Live imaging reveals polarized calcium transients during plant pathogen development and host colonization

Ca ²⁺ signaling mediates rapid cellular responses across eukaryotes, but its spatiotemporal dynamics remain largely inaccessible in many genetically less tractable microbial lineages. Oomycete plant pathogens, including Phytophthora species, undergo rapid transitions between motile, encysted, germinating, and invasive stages, yet the organization of Ca ²⁺ dynamics during these transitions is poorly understood. Here, we adapt the genetically encoded ratiometric biosensor MatryoshCaMP8s for in vivo calcium imaging in Phytophthora palmivora . The reporter is stably expressed without major detectable effects on sporulation or virulence and reports rapid ratiometric responses to cold shock and calcimycin/A23187. Using live-cell imaging, we uncover stage-specific Ca ²⁺ dynamics across the pre-infective and early infection cycle. Sporangia approaching zoospore release display spatially heterogeneous Ca ²⁺ transients, newly formed cysts occasionally exhibit Ca ²⁺ transients, and germinating cysts show recurrent Ca ²⁺ transients at the germ tube tip.
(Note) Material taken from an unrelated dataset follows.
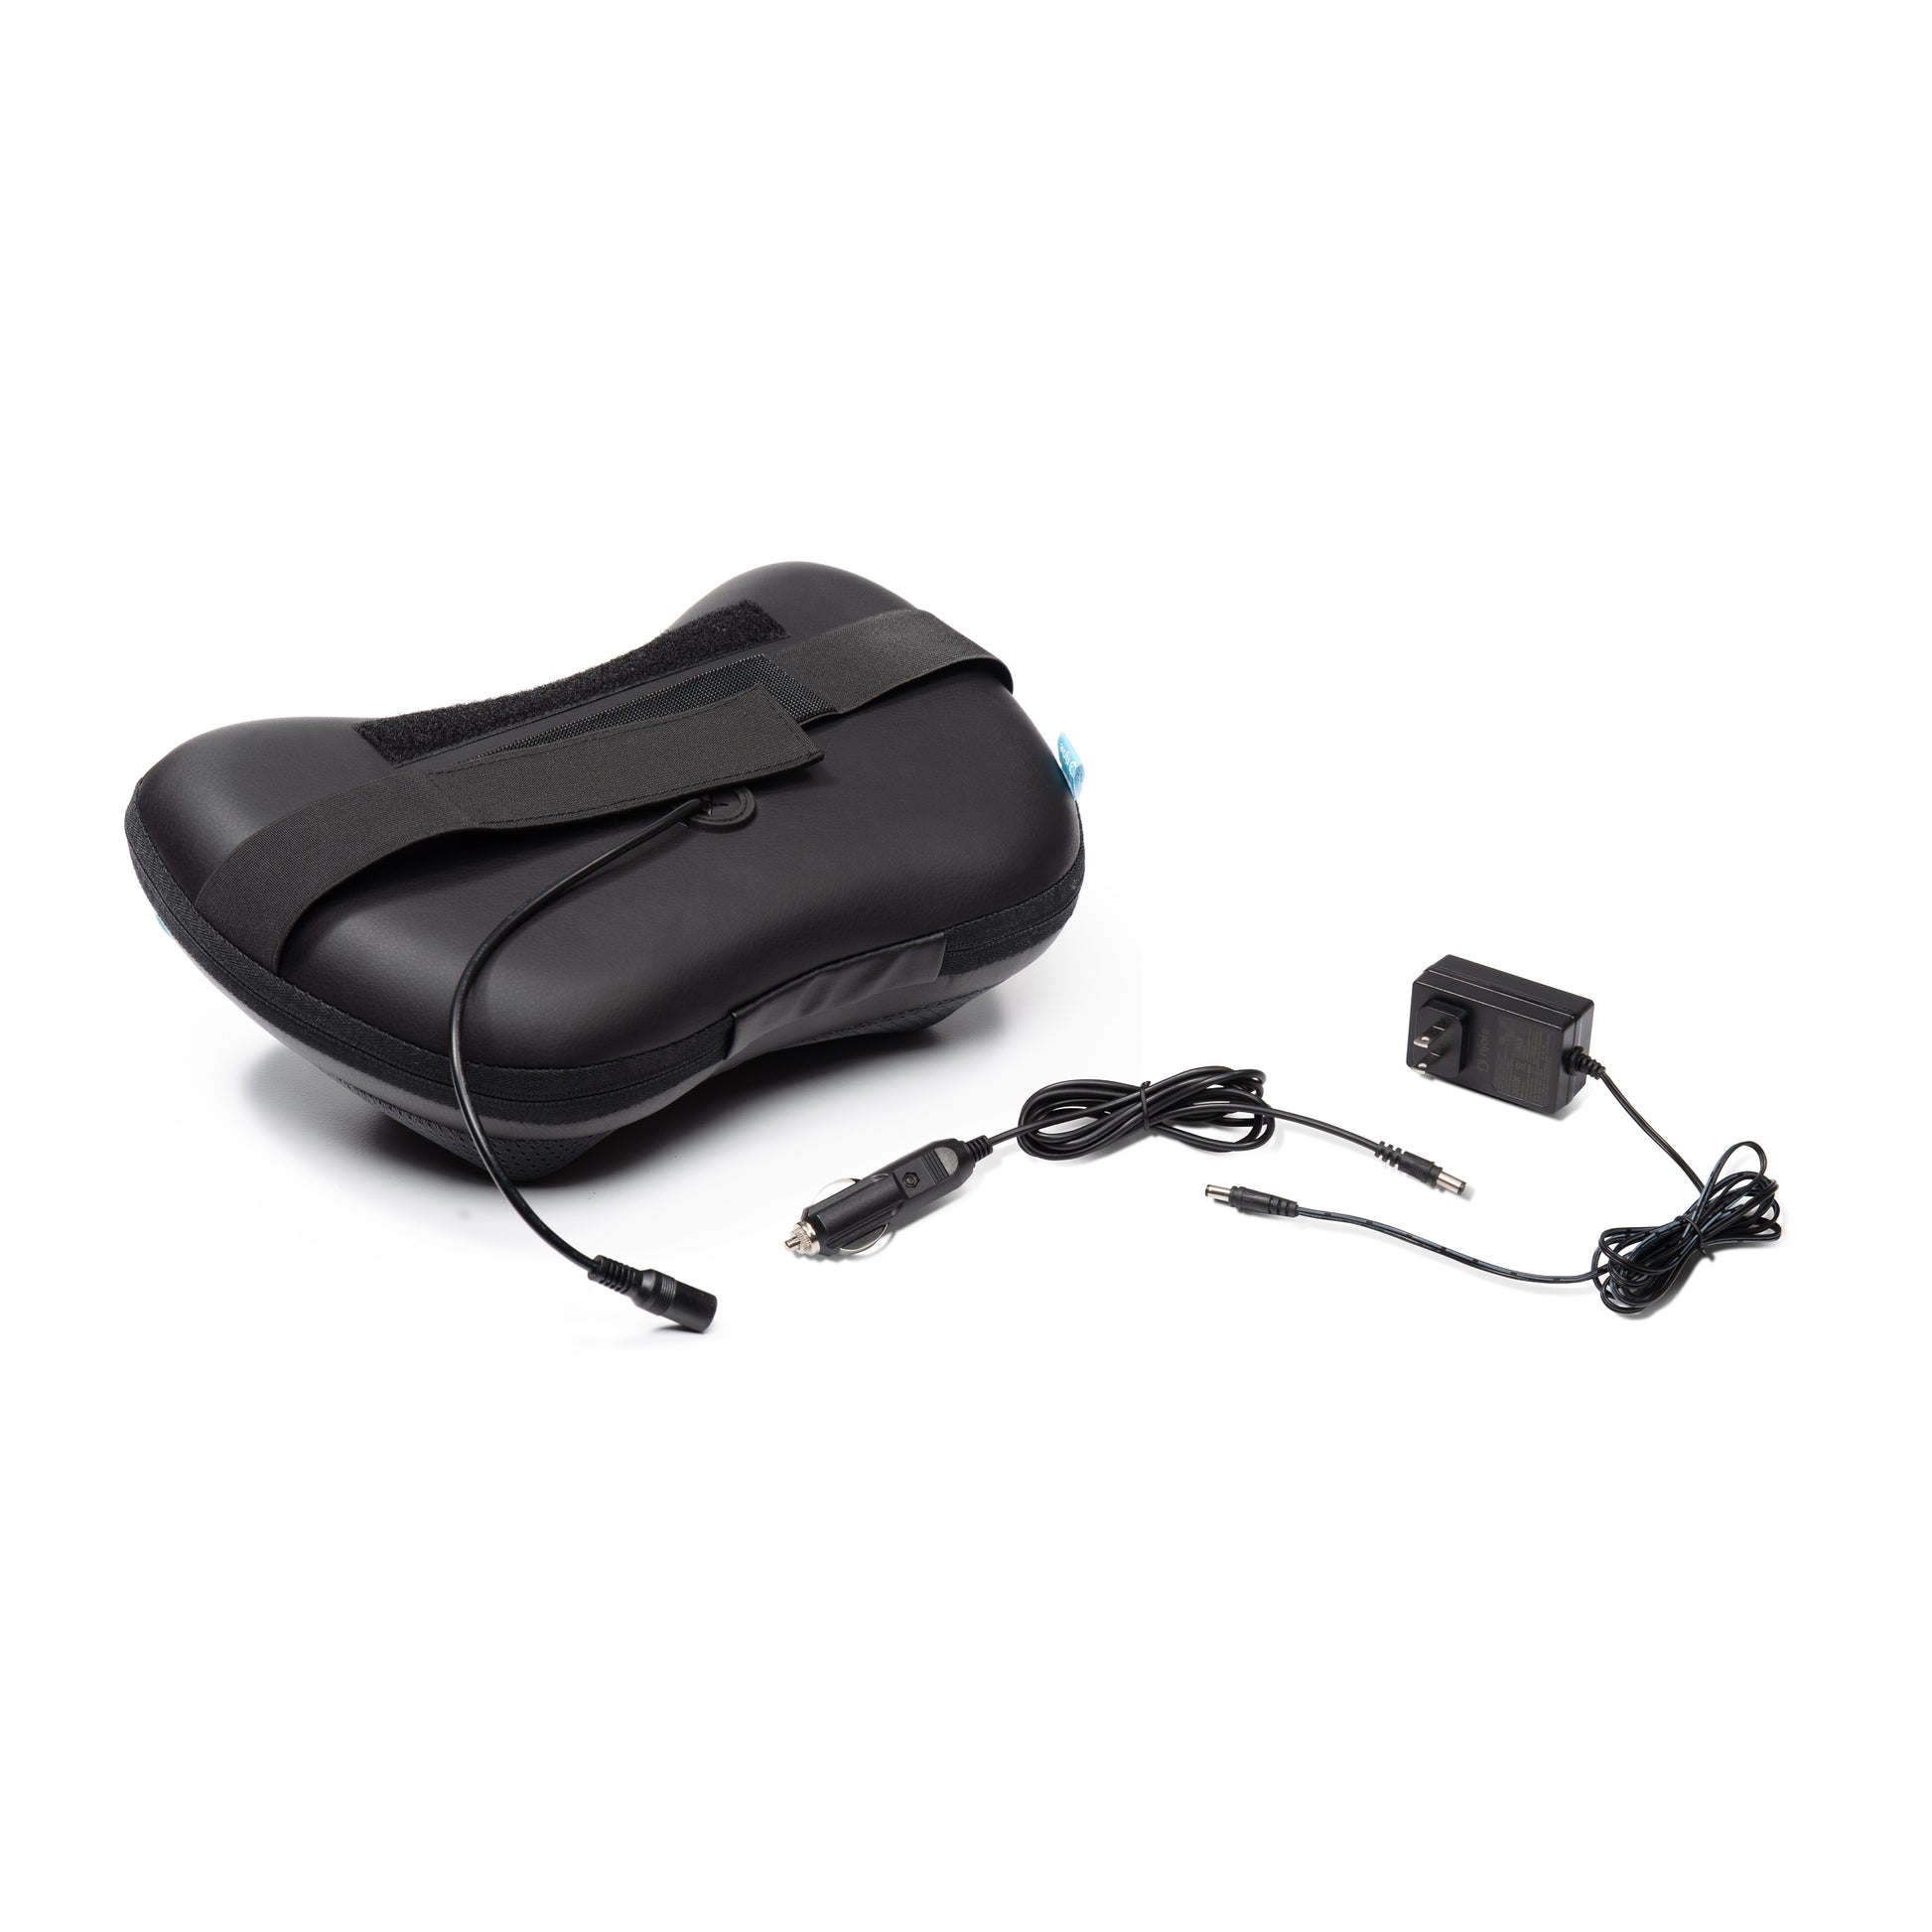 1byone Shiatsu Massage Pillow Massager with Heat Balls and Car Adapter,  Black

Similar sharp ratiometric pulses occur during early plant infection, indicating that polarized Ca ²⁺ transients are not restricted to in vitro germination but recur at the host surface. Together, our work establishes live ratiometric calcium imaging in oomycetes, reveals polarized Ca ²⁺ transients as recurrent signatures of developmental transitions and early host colonization, and opens the way to mechanistic dissection of signaling, polarity, and infection in a major group of plant pathogens.